• [Problem]
Copy out all the records, word for word.

• [Material provided]
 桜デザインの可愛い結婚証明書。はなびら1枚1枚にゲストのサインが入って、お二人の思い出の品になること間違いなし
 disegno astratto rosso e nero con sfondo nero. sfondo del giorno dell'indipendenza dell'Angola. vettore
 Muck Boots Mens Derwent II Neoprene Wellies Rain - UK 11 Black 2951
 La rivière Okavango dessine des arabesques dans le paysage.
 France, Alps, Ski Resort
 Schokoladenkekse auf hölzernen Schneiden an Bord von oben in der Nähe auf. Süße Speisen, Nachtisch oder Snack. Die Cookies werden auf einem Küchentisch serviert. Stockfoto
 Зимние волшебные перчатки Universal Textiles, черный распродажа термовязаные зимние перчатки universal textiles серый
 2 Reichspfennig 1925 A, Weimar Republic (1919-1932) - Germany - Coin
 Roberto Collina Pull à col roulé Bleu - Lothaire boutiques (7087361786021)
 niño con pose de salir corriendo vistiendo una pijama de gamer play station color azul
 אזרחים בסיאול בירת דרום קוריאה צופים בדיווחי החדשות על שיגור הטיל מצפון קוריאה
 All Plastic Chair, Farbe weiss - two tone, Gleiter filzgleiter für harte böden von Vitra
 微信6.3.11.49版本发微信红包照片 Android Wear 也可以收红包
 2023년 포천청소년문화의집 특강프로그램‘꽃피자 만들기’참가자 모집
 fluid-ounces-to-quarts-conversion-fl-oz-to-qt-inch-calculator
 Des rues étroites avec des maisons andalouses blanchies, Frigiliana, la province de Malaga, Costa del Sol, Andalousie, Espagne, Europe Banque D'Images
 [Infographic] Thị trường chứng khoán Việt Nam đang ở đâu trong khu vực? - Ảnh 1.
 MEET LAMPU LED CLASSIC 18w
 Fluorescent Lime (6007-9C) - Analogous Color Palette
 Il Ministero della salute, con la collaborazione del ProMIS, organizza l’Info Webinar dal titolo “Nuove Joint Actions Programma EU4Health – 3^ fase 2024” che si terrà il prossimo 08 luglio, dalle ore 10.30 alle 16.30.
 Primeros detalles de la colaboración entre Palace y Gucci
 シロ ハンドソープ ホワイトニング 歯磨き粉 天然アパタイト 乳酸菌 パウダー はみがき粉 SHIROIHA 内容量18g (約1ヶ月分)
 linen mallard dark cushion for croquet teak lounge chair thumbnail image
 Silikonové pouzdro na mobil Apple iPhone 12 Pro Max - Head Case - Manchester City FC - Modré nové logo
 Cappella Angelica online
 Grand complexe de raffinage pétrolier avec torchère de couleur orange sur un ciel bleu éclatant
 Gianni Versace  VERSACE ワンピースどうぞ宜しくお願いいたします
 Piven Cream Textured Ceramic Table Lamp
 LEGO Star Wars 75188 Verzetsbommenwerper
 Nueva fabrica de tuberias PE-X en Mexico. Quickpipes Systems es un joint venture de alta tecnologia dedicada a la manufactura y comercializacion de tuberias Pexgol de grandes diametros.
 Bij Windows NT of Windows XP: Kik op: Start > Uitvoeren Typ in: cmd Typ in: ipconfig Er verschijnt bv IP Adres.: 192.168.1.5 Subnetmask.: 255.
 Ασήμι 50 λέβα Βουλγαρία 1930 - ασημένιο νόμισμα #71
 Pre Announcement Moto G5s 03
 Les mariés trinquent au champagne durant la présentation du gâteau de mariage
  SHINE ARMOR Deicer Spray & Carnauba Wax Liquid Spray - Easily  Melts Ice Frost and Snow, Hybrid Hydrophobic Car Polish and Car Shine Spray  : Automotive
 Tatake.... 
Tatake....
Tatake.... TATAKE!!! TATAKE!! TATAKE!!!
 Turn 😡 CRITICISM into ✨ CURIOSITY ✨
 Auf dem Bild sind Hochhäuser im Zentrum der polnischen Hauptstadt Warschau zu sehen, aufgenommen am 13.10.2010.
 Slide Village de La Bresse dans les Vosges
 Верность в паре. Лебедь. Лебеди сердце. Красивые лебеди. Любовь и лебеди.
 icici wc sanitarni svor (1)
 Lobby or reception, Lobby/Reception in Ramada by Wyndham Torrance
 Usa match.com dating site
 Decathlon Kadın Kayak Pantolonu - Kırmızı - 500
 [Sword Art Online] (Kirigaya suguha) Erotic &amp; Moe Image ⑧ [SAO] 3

• [Worked solution]
 桜デザインの可愛い結婚証明書。はなびら1枚1枚にゲストのサインが入って、お二人の思い出の品になること間違いなし
 disegno astratto rosso e nero con sfondo nero. sfondo del giorno dell'indipendenza dell'Angola. vettore
 Muck Boots Mens Derwent II Neoprene Wellies Rain - UK 11 Black 2951
 La rivière Okavango dessine des arabesques dans le paysage.
 France, Alps, Ski Resort
 Schokoladenkekse auf hölzernen Schneiden an Bord von oben in der Nähe auf. Süße Speisen, Nachtisch oder Snack. Die Cookies werden auf einem Küchentisch serviert. Stockfoto
 Зимние волшебные перчатки Universal Textiles, черный распродажа термовязаные зимние перчатки universal textiles серый
 2 Reichspfennig 1925 A, Weimar Republic (1919-1932) - Germany - Coin
 Roberto Collina Pull à col roulé Bleu - Lothaire boutiques (7087361786021)
 niño con pose de salir corriendo vistiendo una pijama de gamer play station color azul
 אזרחים בסיאול בירת דרום קוריאה צופים בדיווחי החדשות על שיגור הטיל מצפון קוריאה
 All Plastic Chair, Farbe weiss - two tone, Gleiter filzgleiter für harte böden von Vitra
 微信6.3.11.49版本发微信红包照片 Android Wear 也可以收红包
 2023년 포천청소년문화의집 특강프로그램‘꽃피자 만들기’참가자 모집
 fluid-ounces-to-quarts-conversion-fl-oz-to-qt-inch-calculator
 Des rues étroites avec des maisons andalouses blanchies, Frigiliana, la province de Malaga, Costa del Sol, Andalousie, Espagne, Europe Banque D'Images
 [Infographic] Thị trường chứng khoán Việt Nam đang ở đâu trong khu vực? - Ảnh 1.
 MEET LAMPU LED CLASSIC 18w
 Fluorescent Lime (6007-9C) - Analogous Color Palette
 Il Ministero della salute, con la collaborazione del ProMIS, organizza l’Info Webinar dal titolo “Nuove Joint Actions Programma EU4Health – 3^ fase 2024” che si terrà il prossimo 08 luglio, dalle ore 10.30 alle 16.30.
 Primeros detalles de la colaboración entre Palace y Gucci
 シロ ハンドソープ ホワイトニング 歯磨き粉 天然アパタイト 乳酸菌 パウダー はみがき粉 SHIROIHA 内容量18g (約1ヶ月分)
 linen mallard dark cushion for croquet teak lounge chair thumbnail image
 Silikonové pouzdro na mobil Apple iPhone 12 Pro Max - Head Case - Manchester City FC - Modré nové logo
 Cappella Angelica online
 Grand complexe de raffinage pétrolier avec torchère de couleur orange sur un ciel bleu éclatant
 Gianni Versace  VERSACE ワンピースどうぞ宜しくお願いいたします
 Piven Cream Textured Ceramic Table Lamp
 LEGO Star Wars 75188 Verzetsbommenwerper
 Nueva fabrica de tuberias PE-X en Mexico. Quickpipes Systems es un joint venture de alta tecnologia dedicada a la manufactura y comercializacion de tuberias Pexgol de grandes diametros.
 Bij Windows NT of Windows XP: Kik op: Start > Uitvoeren Typ in: cmd Typ in: ipconfig Er verschijnt bv IP Adres.: 192.168.1.5 Subnetmask.: 255.
 Ασήμι 50 λέβα Βουλγαρία 1930 - ασημένιο νόμισμα #71
 Pre Announcement Moto G5s 03
 Les mariés trinquent au champagne durant la présentation du gâteau de mariage
  SHINE ARMOR Deicer Spray & Carnauba Wax Liquid Spray - Easily  Melts Ice Frost and Snow, Hybrid Hydrophobic Car Polish and Car Shine Spray  : Automotive
 Tatake.... 
Tatake....
Tatake.... TATAKE!!! TATAKE!! TATAKE!!!
 Turn 😡 CRITICISM into ✨ CURIOSITY ✨
 Auf dem Bild sind Hochhäuser im Zentrum der polnischen Hauptstadt Warschau zu sehen, aufgenommen am 13.10.2010.
 Slide Village de La Bresse dans les Vosges
 Верность в паре. Лебедь. Лебеди сердце. Красивые лебеди. Любовь и лебеди.
 icici wc sanitarni svor (1)
 Lobby or reception, Lobby/Reception in Ramada by Wyndham Torrance
 Usa match.com dating site
 Decathlon Kadın Kayak Pantolonu - Kırmızı - 500
 [Sword Art Online] (Kirigaya suguha) Erotic &amp; Moe Image ⑧ [SAO] 3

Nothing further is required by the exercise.